**** Supplied entries

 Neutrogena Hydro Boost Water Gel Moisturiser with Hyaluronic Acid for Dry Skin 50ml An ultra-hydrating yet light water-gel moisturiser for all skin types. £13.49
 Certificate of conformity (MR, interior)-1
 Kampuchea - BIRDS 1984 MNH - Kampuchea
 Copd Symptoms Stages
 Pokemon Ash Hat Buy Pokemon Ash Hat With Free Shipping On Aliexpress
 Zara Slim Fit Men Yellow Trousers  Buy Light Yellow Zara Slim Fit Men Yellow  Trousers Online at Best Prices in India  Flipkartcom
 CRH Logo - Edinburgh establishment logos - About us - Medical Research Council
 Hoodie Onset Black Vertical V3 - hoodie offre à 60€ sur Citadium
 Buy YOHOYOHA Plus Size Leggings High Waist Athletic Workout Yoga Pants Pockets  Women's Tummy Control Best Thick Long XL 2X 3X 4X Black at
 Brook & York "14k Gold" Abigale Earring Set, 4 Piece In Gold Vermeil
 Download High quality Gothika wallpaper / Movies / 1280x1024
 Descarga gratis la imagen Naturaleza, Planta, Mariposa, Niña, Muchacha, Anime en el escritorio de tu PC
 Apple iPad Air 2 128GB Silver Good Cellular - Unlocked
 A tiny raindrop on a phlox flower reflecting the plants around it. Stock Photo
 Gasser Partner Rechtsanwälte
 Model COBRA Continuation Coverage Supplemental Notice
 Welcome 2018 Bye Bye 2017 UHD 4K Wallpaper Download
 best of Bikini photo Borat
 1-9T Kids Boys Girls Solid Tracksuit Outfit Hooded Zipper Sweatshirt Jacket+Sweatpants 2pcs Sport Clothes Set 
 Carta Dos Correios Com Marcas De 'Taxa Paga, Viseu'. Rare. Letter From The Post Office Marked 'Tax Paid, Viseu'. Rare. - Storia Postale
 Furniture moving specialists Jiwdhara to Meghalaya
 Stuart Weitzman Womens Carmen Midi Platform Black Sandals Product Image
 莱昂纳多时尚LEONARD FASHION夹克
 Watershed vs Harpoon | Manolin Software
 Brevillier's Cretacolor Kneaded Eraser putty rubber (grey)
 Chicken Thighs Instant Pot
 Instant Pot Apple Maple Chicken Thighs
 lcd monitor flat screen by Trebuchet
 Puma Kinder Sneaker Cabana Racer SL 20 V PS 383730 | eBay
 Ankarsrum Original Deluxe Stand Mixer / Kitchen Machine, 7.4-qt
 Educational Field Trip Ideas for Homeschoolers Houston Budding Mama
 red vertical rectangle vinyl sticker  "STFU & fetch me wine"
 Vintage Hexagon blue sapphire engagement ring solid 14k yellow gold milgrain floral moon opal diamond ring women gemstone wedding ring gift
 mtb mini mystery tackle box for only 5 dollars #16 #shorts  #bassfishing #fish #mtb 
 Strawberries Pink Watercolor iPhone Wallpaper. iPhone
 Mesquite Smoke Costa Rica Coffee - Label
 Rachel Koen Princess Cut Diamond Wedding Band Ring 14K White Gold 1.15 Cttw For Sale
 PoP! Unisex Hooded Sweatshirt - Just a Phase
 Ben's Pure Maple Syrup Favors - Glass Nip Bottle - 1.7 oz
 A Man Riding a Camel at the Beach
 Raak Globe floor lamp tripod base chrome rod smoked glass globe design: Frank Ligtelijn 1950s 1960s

********

Task description: In the entries above, please find the line with "Descarga gratis la" and the line with "Ankarsrum Original Deluxe", then write out exactly those two lines and every line between them, and nothing more.

Exercise output:
 Descarga gratis la imagen Naturaleza, Planta, Mariposa, Niña, Muchacha, Anime en el escritorio de tu PC
 Apple iPad Air 2 128GB Silver Good Cellular - Unlocked
 A tiny raindrop on a phlox flower reflecting the plants around it. Stock Photo
 Gasser Partner Rechtsanwälte
 Model COBRA Continuation Coverage Supplemental Notice
 Welcome 2018 Bye Bye 2017 UHD 4K Wallpaper Download
 best of Bikini photo Borat
 1-9T Kids Boys Girls Solid Tracksuit Outfit Hooded Zipper Sweatshirt Jacket+Sweatpants 2pcs Sport Clothes Set 
 Carta Dos Correios Com Marcas De 'Taxa Paga, Viseu'. Rare. Letter From The Post Office Marked 'Tax Paid, Viseu'. Rare. - Storia Postale
 Furniture moving specialists Jiwdhara to Meghalaya
 Stuart Weitzman Womens Carmen Midi Platform Black Sandals Product Image
 莱昂纳多时尚LEONARD FASHION夹克
 Watershed vs Harpoon | Manolin Software
 Brevillier's Cretacolor Kneaded Eraser putty rubber (grey)
 Chicken Thighs Instant Pot
 Instant Pot Apple Maple Chicken Thighs
 lcd monitor flat screen by Trebuchet
 Puma Kinder Sneaker Cabana Racer SL 20 V PS 383730 | eBay
 Ankarsrum Original Deluxe Stand Mixer / Kitchen Machine, 7.4-qt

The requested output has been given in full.